Google's WaveNet is bringing computerized speech into the uncanny valley.
Image: Shaye Anderson
The choppy, cybernetic voices of digital assistants like Siri may not sound so mechanical for much longer, thanks to a significant breakthrough in using artificial intelligence to generate realistic human speech.
In a new paper, scientists at Google-owned AI shop DeepMind have unveiled WaveNet, a neural network that generates audio waveforms by predicting and adapting to its own output in real-time. The result is dramatically more natural-sounding computerized speech, which the researchers say reduces the perceived gap between human and computer voices speaking both English and Chinese by over 50 percent.

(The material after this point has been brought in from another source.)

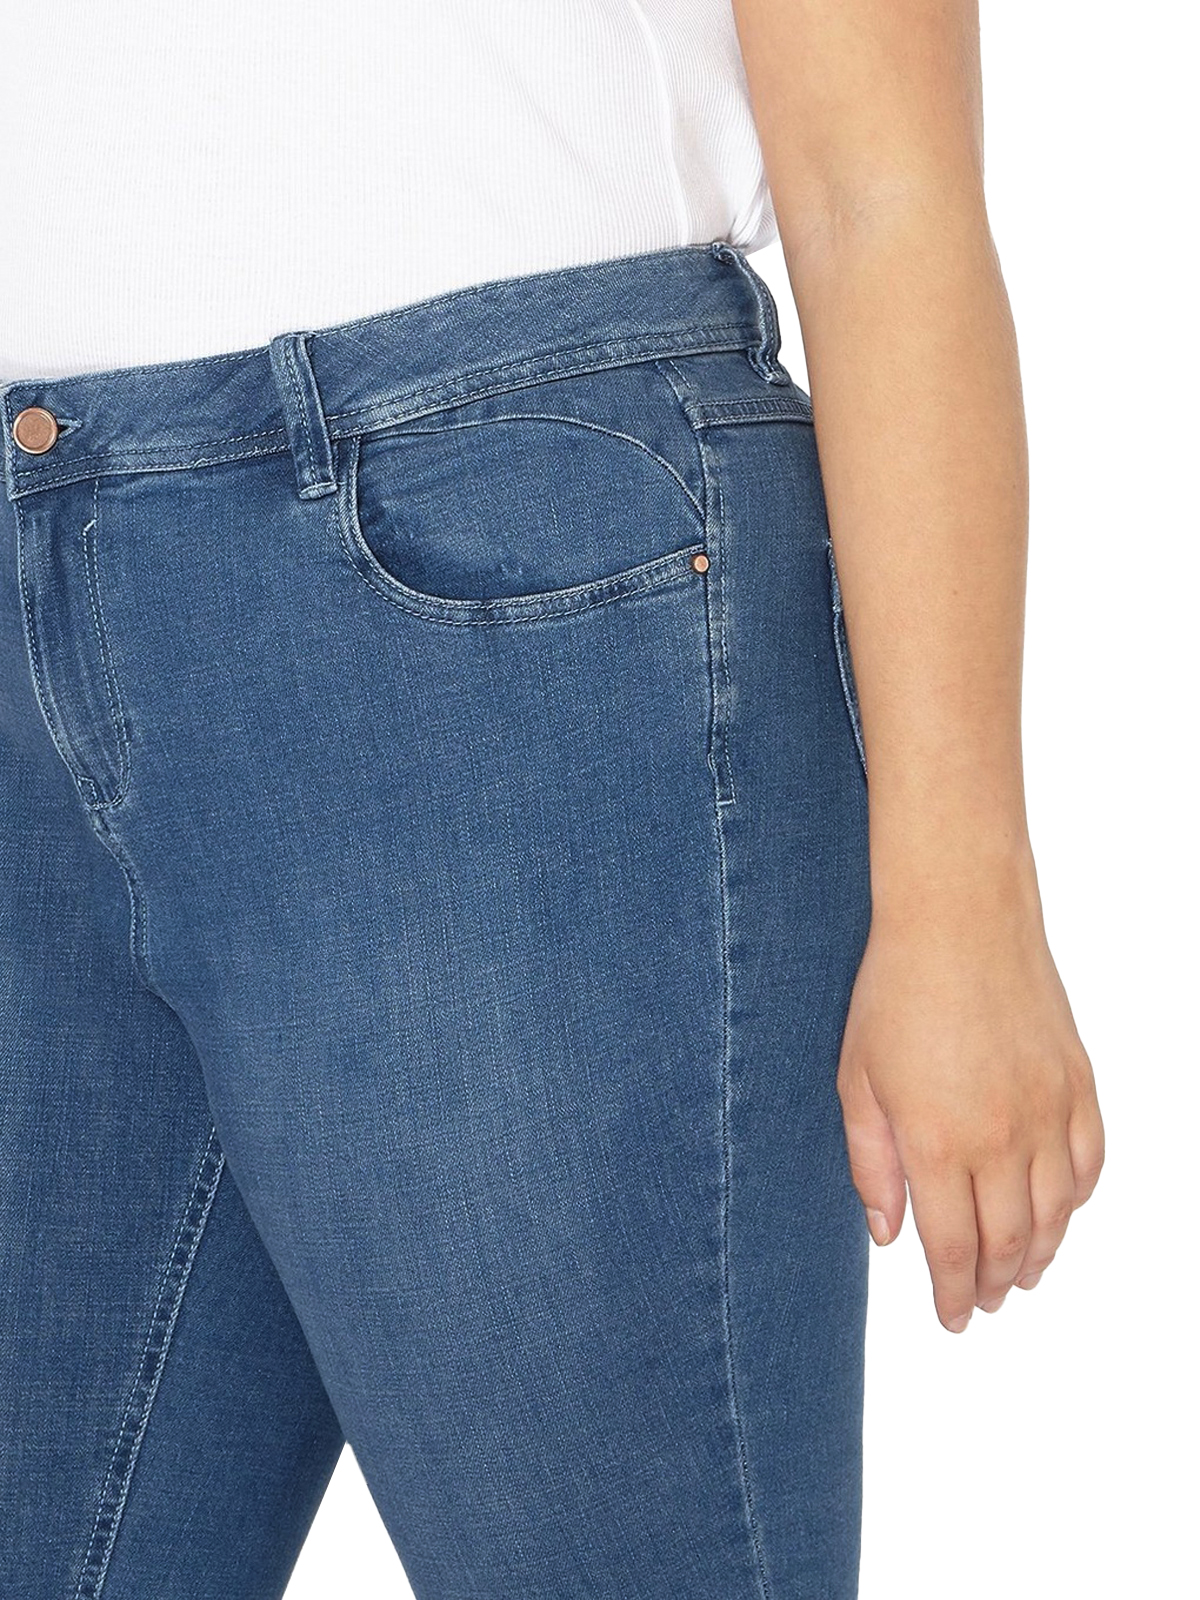 3VANS DENIM Mid-Wash Pear Fit Straight Leg Jeans - Plus Size 16 to 30
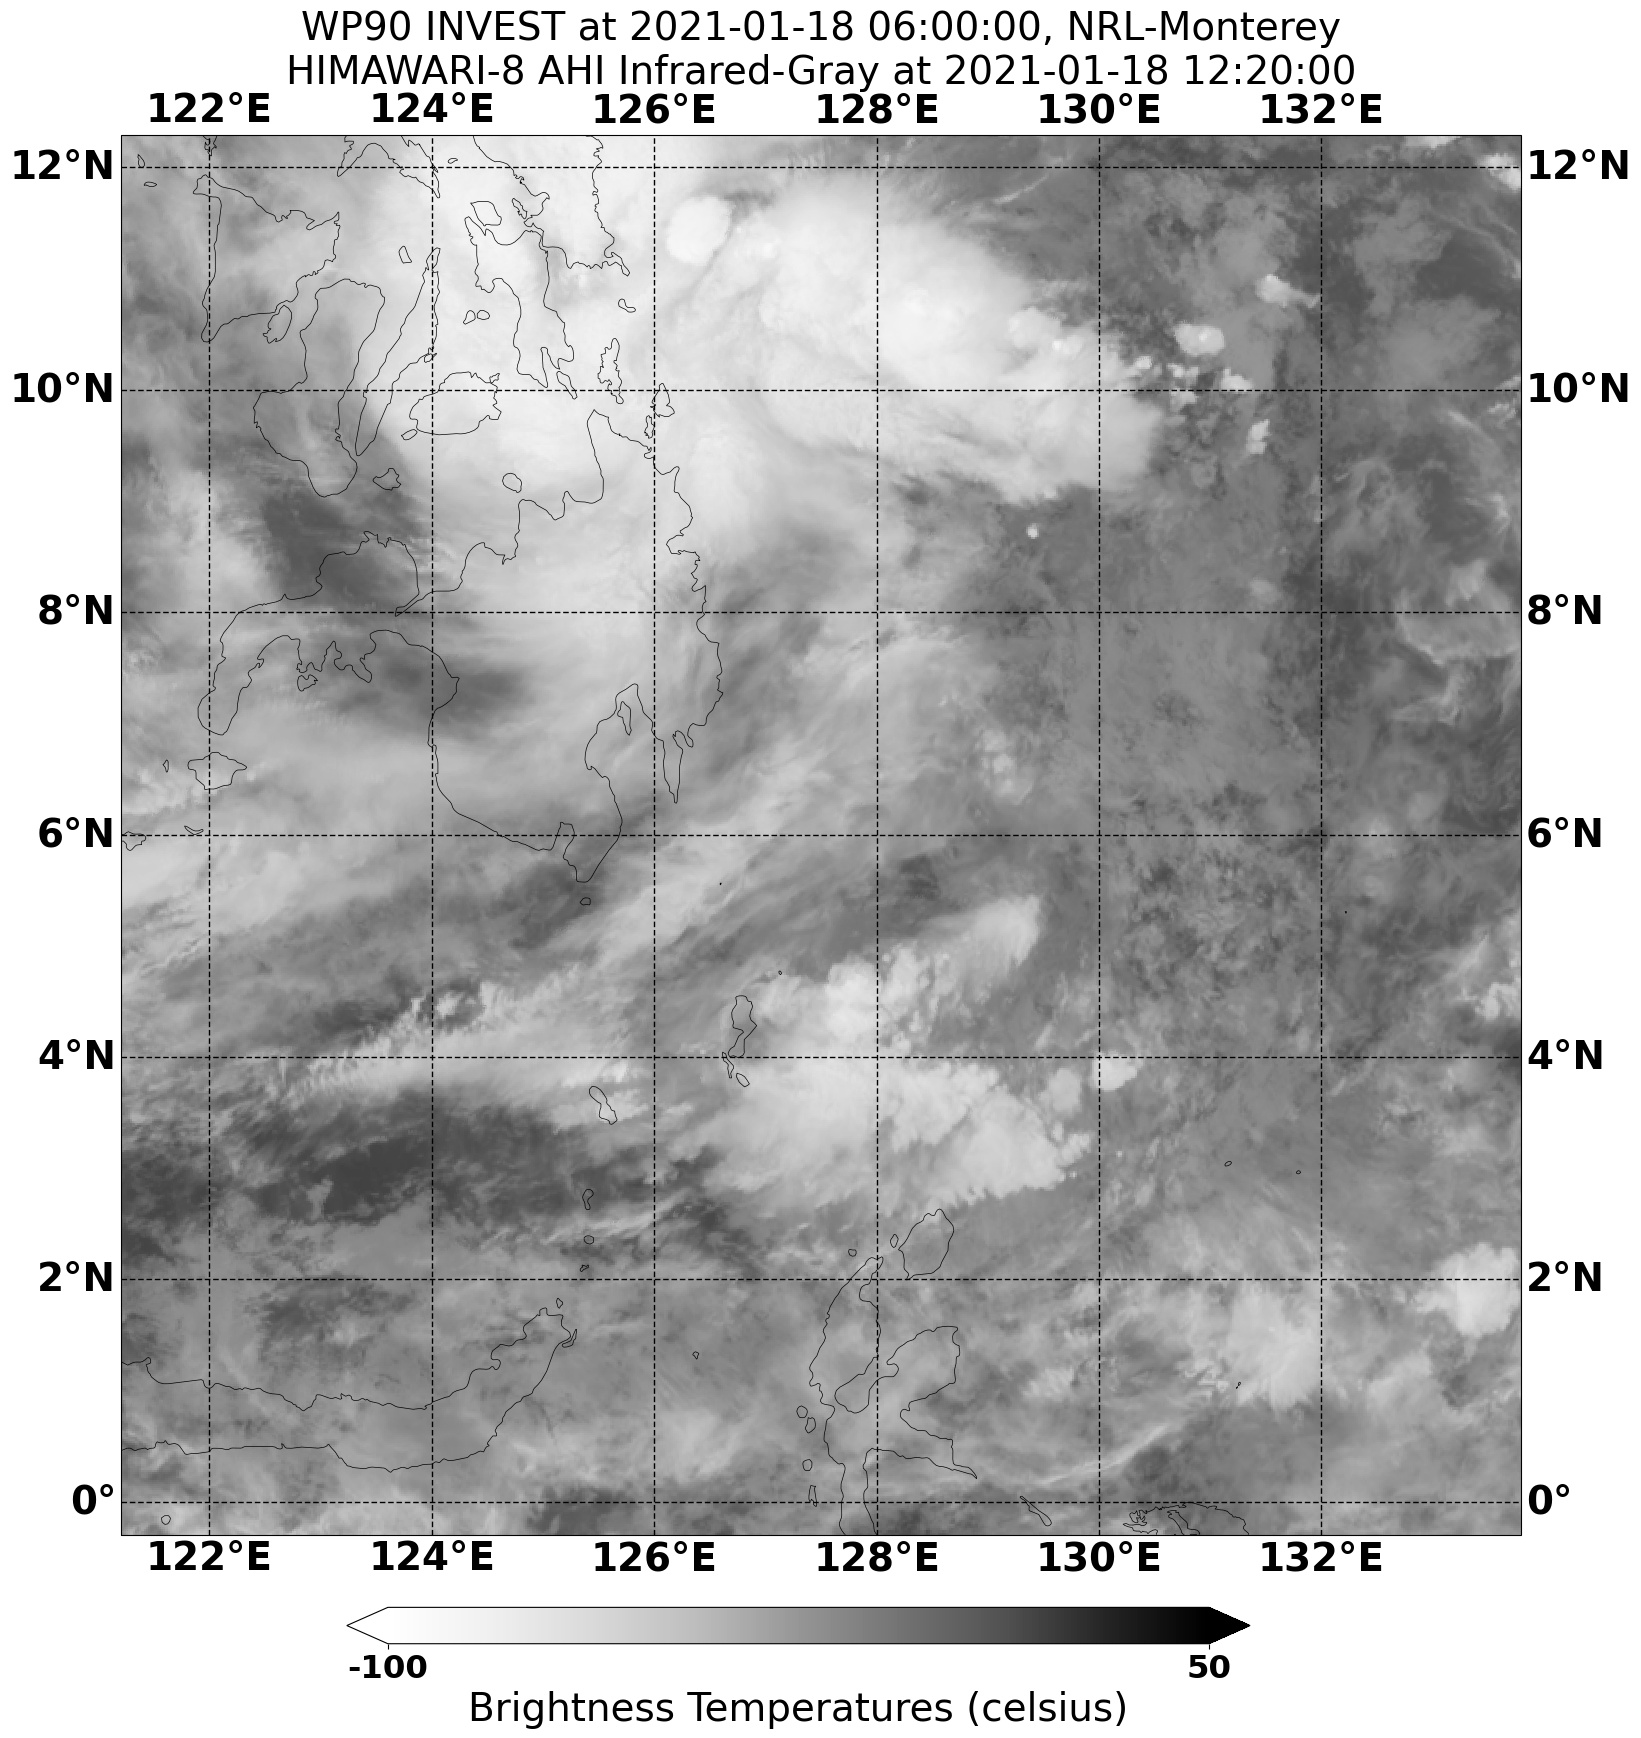 20210118.122000.WP902021.ahi.himawari-8.Infrared-Gray.15kts.100p0.1p0.jpg

The system's predictive model is a far cry from the synthesized speech systems used by "digital assistant" apps like Siri. Instead of using a "concatenative" speech system that pieces together from a library of speech fragments recorded by one speaker (in Siri's case, voice actress Susan Bennett), WaveNet is trained on a massive database, then generates raw waveforms one audio sample at time using what's known as an "autoregressive" model—meaning each individual frame of the waveform is predicted based on the frames that preceded it. The neural net was developed from a similar model called PixelCNN, which does the same for computer vision by predicting images one pixel at a time.
"To make sure it knew which voice to use for any given utterance, we conditioned the network on the identity of the speaker," the DeepMind researchers wrote in a blog post. "Interestingly, we found that training on many speakers made it better at modelling a single speaker than training on that speaker alone, suggesting a form of transfer learning."
WaveNet isn't just for speech either: it can also generate some styles of music. Training the network on classical piano, for example, yielded some uncannily cohesive chord progressions in the researchers' testing.
But even weirder is what happens when the system isn't told what to do. Since WaveNet is autoregressive, it can still generate a voice even if it isn't given any text input, resulting in a predictive "babbling" that sounds like Siri practicing her glossolalia. The researchers also found that the system is eerily adept at picking up on non-verbal speech characteristics, like breathing and mouth movements.
To be sure, the voices and music generated by WaveNet still sound slightly off to a trained ear, and composing speech in this way still requires a massive amount of computing power. But when compared with current text-to-speech methods, the system makes a pretty compelling case that we're fast approaching the uncanny valley of computerized speech.